Как член самого развеселого клуба «Буллингтон» он неоднократно принимал участие в разного рода проказах и выходках, которые заставляли хмурить брови его наставников и сопровождались одобрительным смехом выпускников. При этом Вирджил был интеллектуалом и в полной мере проявил свои выдающиеся способности в стенах этого не имеющего себе равных университета.

Острый ум он, несомненно, унаследовал от предков по отцовской линии, в то время как поэтичность натуры, столь контрастировавшая с атлетическим сложением, была даром его нежной и романтичной матери, в жилах которой текла ирландская кровь.
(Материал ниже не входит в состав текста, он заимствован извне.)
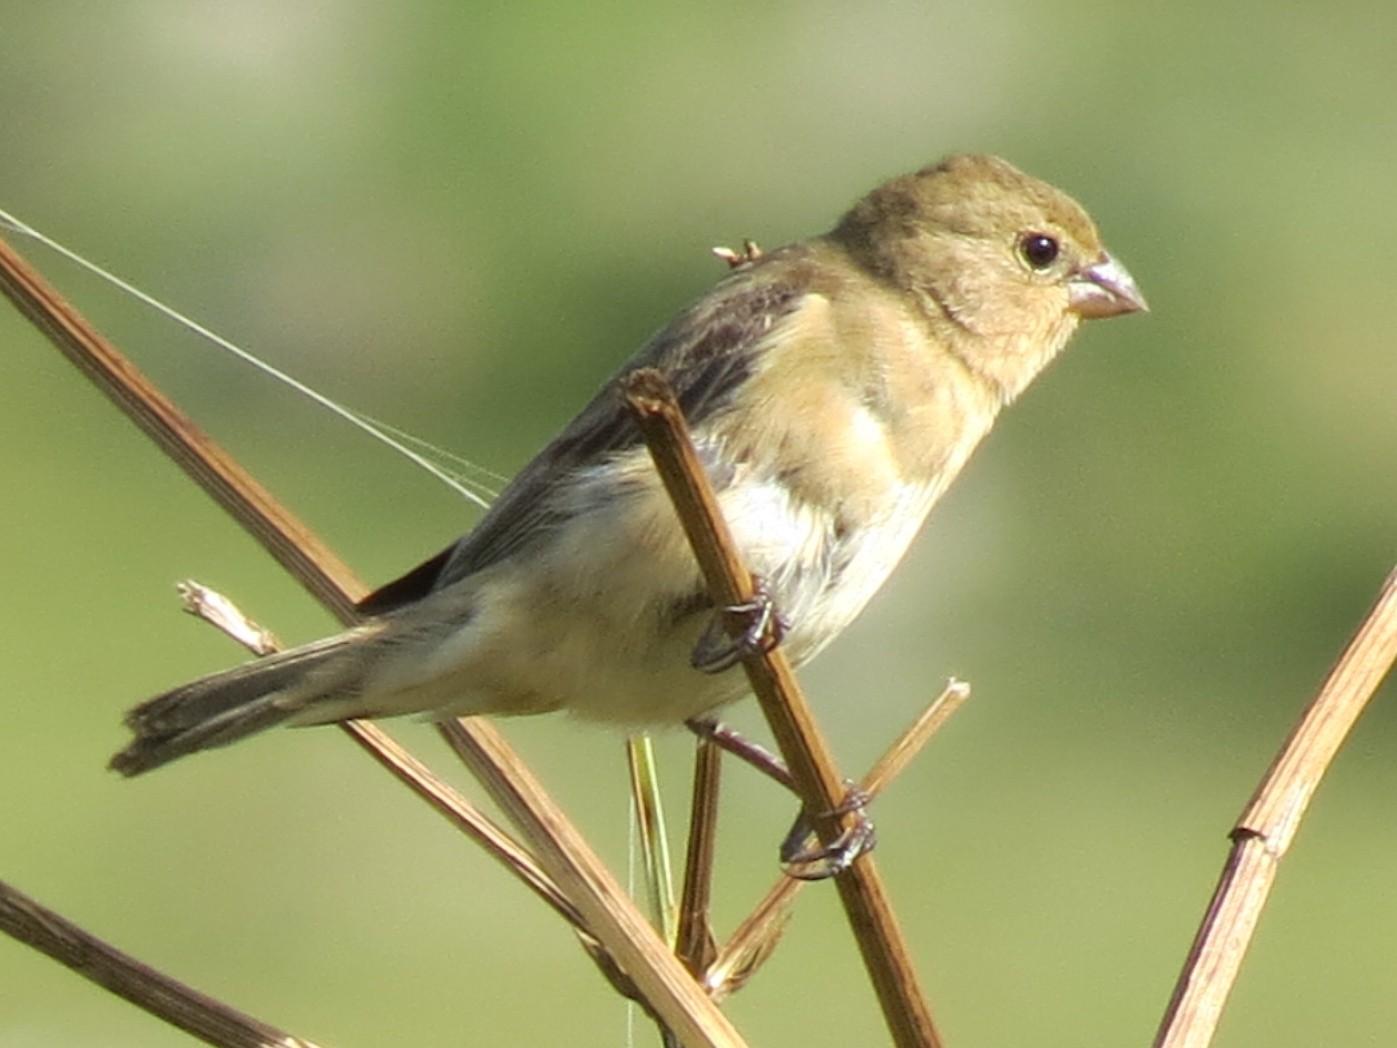 Rufous-rumped Seedeater - Àlvaro Riccetto

Леди Дэмиен покинула этот мир, когда Вирджил был еще мальчиком, но он успел прочувствовать ее тонкую духовную натуру.

Вирджил всегда сильно отличался от своих сверстников. Он немного стеснялся тех чувств, которые вызывали в его душе поэзия и музыка, но в Оксфорде он встретил родственные души. Увы, друзья быстро изменяли свои взгляды, постепенно становясь похожими на своих развеселых товарищей, которые интересовались исключительно женщинами и лошадьми!

Внутри дом Линмауса оказался столь же унылым, как и снаружи. Тяжелая темная мебель на фоне темных стен делала его похожим на склеп. Казалось, будто ты попал в подземелье, куда не заглядывает солнце, откуда не видно ни единого клочка голубого неба.

Маркиз встретил гостей тепло и сердечно. Он был старинным другом лорда Дэмиена и знал Вирджила с самого рождения.

— Я уже хотел писать тебе, чтобы пригласить к нам, — обратился он к лорду, — но маркиза была немного нездорова с того времени, как мы приехали в Англию, и ей было не до представлений.

— Это зависит от того, кому быть представленной, — раздался мелодичный голос, и в дверном проеме показалась сама маркиза.

Вирджил был повержен, сражен наповал невероятной красотой этой женщины. Он онемел, оцепенел и начисто позабыл обо всех условностях и светских манерах.

Маркиза была необыкновенно прекрасна, такой женщины Вирджил не видел еще никогда. Позже, когда они уже жили вместе, он так и не определил для себя ее национальность. Официально маркиза считалась француженкой. Ее первым мужем был граф Кастийон, он был убит на дуэли. Через некоторое время Вирджил сам получил возможность проверить, насколько опасны эти поединки.

Постепенно Вирджил кое-что разузнал о маркизе и ее происхождении. Маркиза очень тепло говорила о своей матери-гречанке. Но Вирджил все равно был почему-то уверен, что ее далекие предки были маврами.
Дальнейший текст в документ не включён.